実際に消費者としても運営としてもECサイトを利用している人数は年々増加しています。
ではどうすればECサイトの売り上げは向上するのでしょうか?
今回はECマーケティングの側面からECサイトの売上向上に必要な要素を紐解き、これらに深く関わるレコメンドエンジンについて解説します。
ECマーケティングのポイント3選
ECマーケティングの売上は、(アクセス数)×(購入率)×(客単価)の三つの要素で表されます。そこでそれぞれの要素を改善していくためのポイントを紹介していきます。
●集客(アクセス数)
当たり前ですが、ECマーケティングにおいて訪問者数が少ないと売上は思うように上がりません。ここでは即効性のあるものから中長期的に取り組むべきものまで基本的な集客施策を紹介します。
・広告
ECサイトの集客は以下の3種類の広告を優先的に取り組みましょう。
- Googleショッピング広告(商品画像や価格などの情報があわせて表示される広告)
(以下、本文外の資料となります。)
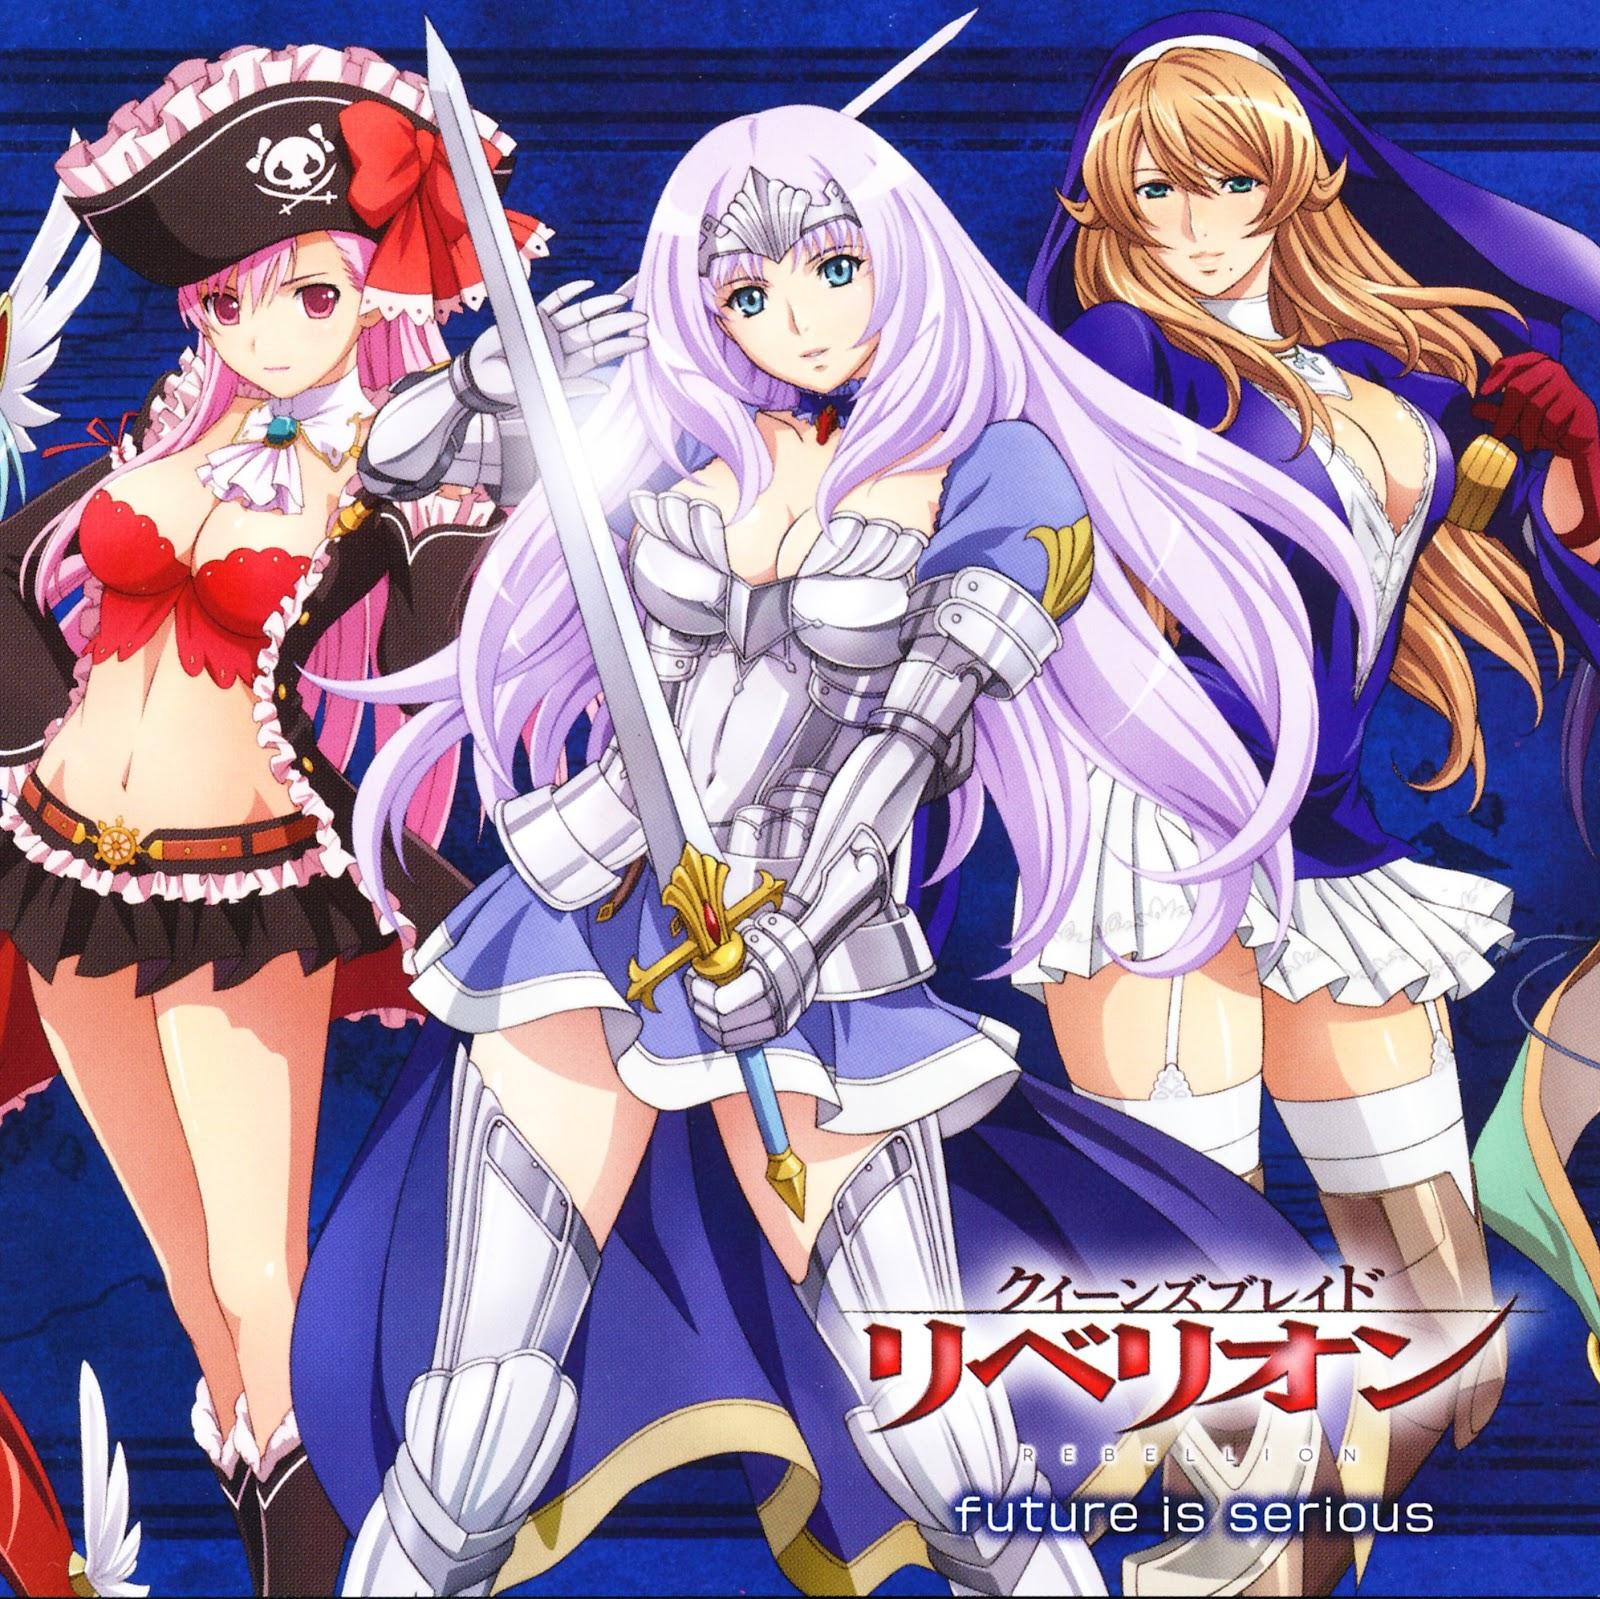 Queen's Blade: Rebellion

- リスティング広告(検索語句に関連したテキスト広告)
- SNS広告(InstagramやTwitterなどのSNSを用いた広告)
自社のサービス/商品の特徴に合わせてこれらの広告を活用することでアクセス数、購入率の向上が見込めます。
・コンテンツマーケティング
具体的には以下のコンテンツ配信が一般的です。
- ブログ
- コラム
- SNS投稿
ターゲット顧客の育成が主目的になるため、顧客の比較検討プロセスの各段階で発信し、問い合わせや売上の増加を目指していくことが重要になります。
・アクセス解析
アクセス解析はユーザーの情報を集め、分析することを指します。具体的な手順としては、
- ECサイトの目的に沿って解析したい指標をリストアップ
- Google Analyticsなどで解析できる環境を整備
- 実際に情報を収集/分析する
といったものになります。アクセス解析を行うことで、ECマーケティングの三要素のうちのあまり伸びていない指標を観測し、改善に繋げられます。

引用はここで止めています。